How Italy’s MotoGP dominance goes back to Galileo and the Renaissance
Galileo studied the movement of planets at Padua University. 300 years later, it taught Ducati MotoGP chief engineer Gigi Dall'Igna a more terrestrial form of motion. Why is northern Italy — once home to Renaissance revolutionaries — now such a powerhouse of automotive knowledge?
MotoGP’s five manufacturers – Aprilia, Ducati, Honda, KTM and Yamaha – all employ key engineering staff that were educated at a handful of universities in northern Italy.
How can this be? Why do Japanese and Austrian companies need Italian motorcycling brains?
The reason isn’t because Italian brands have come to dominate racing in recent years, because the reasons for that domination go much deeper and further back than recent history.
The universities and polytechnics of Bologna, Milan, Modena, Padua and Turin are the ancient seats of learning where scientists, philosophers and mathematicians like Galileo and Copernicus changed the world during the Renaissance and where Enzo Ferrari and Guglielmo Marconi helped forge the modern world during the 20th century.
Ducati’s chief engineer Gigi Dall’Igna (a big fan of Galileo) did his degree in mechanical engineering at Padua University (founded in 1222), where Galileo and Copernicus studied in the 16th and 17th centuries and taught us that the sun, not Earth, was the centre of our universe. The work of these Renaissance scholars was the start of mankind’s first scientific revolution.
Ducati’s chief vehicle dynamicist Riccardo Savin also studied at Padua, as did Aprilia race manager Paolo Bonora and Aprilia’s chief mathematician Elena De Cia, whose master’s thesis was the Optimization and parametrization of trajectories for racing motorcycles.

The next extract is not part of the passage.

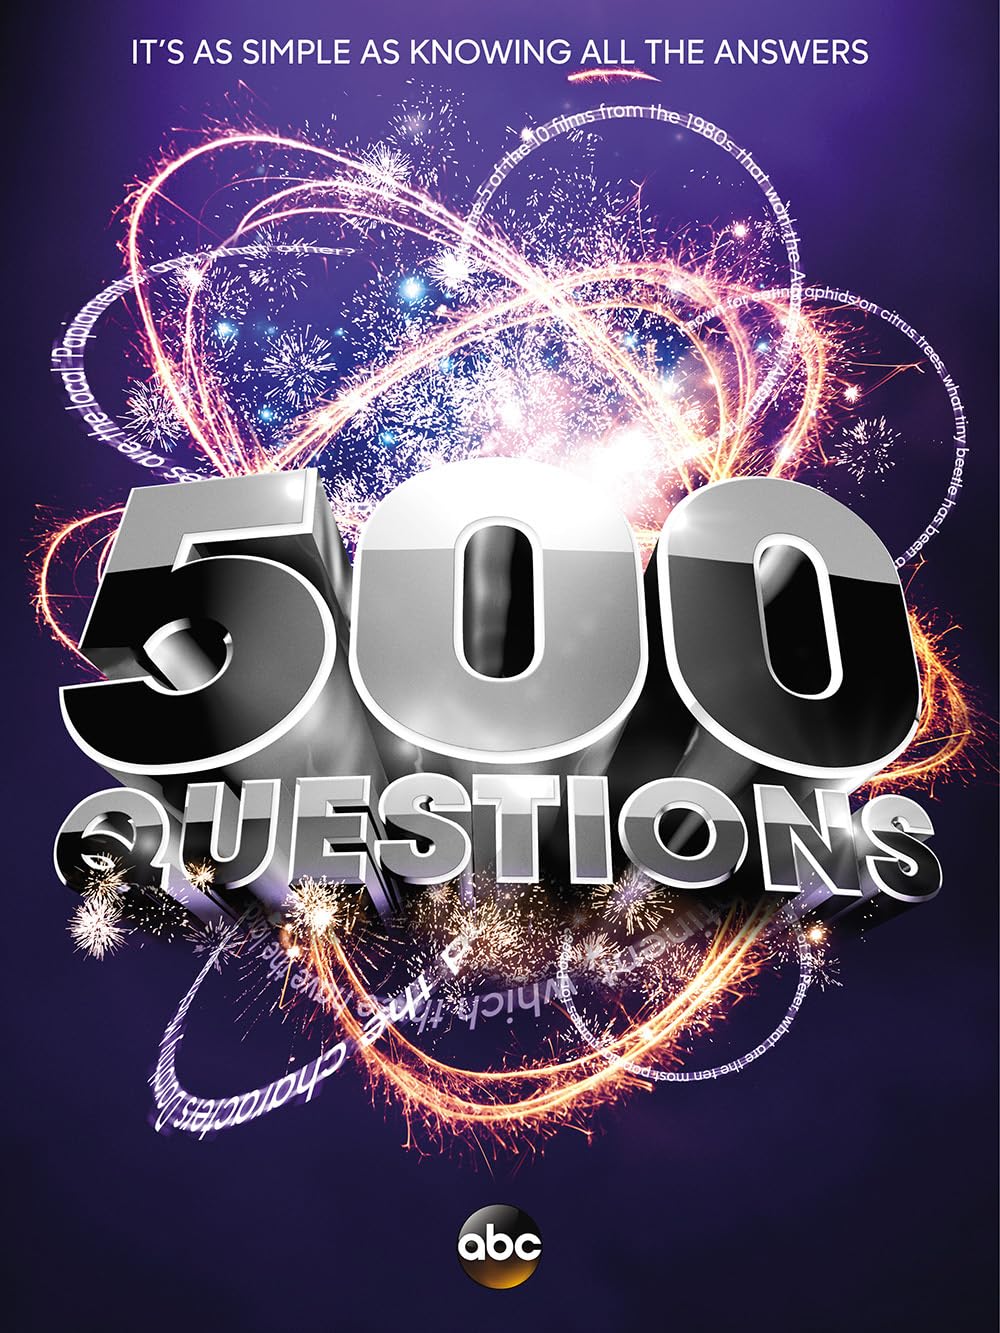 500 Questions
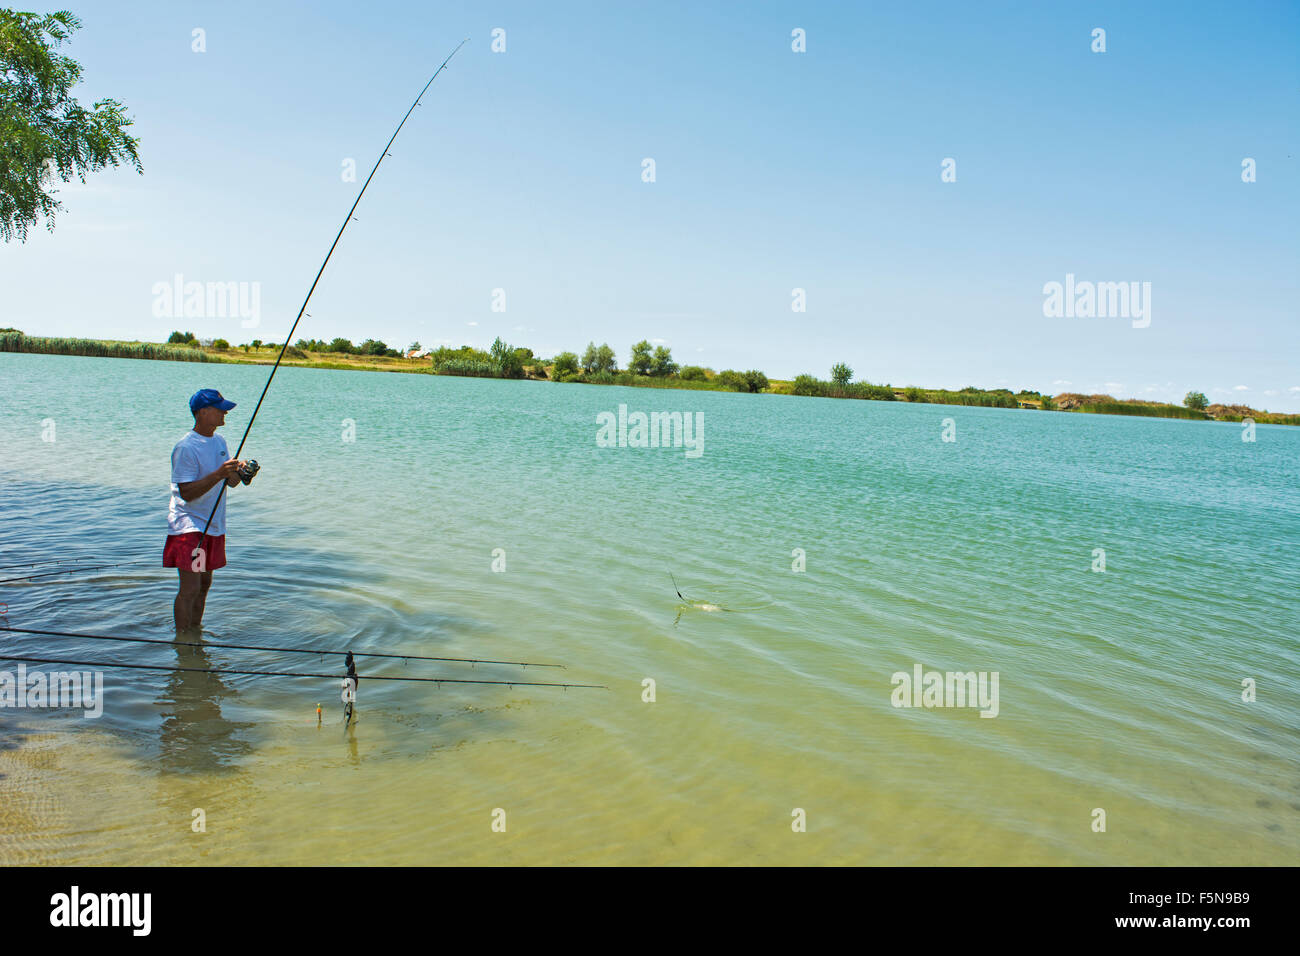 Fisherman on the lake draws hooked fish. Stock Photo

Yamaha’s new technical director Max Bartolini, formerly Ducati’s vehicle performance engineer, and Fabio Quartararo’s crew chief Diego Gubellini both studied at Bologna, the West’s oldest university (founded in 1088), where Ferrari, Marconi, the inventor of radio, and Dante, the author of Dante’s Inferno, laid the foundations of their genius.
Honda electronics engineers Filippo Tosi, another former Ducati employee, and Carlo Luzzi, who started out at Yamaha’s Milan-based World Superbike team, did their degrees at Milan university, as did Marco Nicotra, the Ducati aerodynamicist who followed Bartolini to Yamaha this year.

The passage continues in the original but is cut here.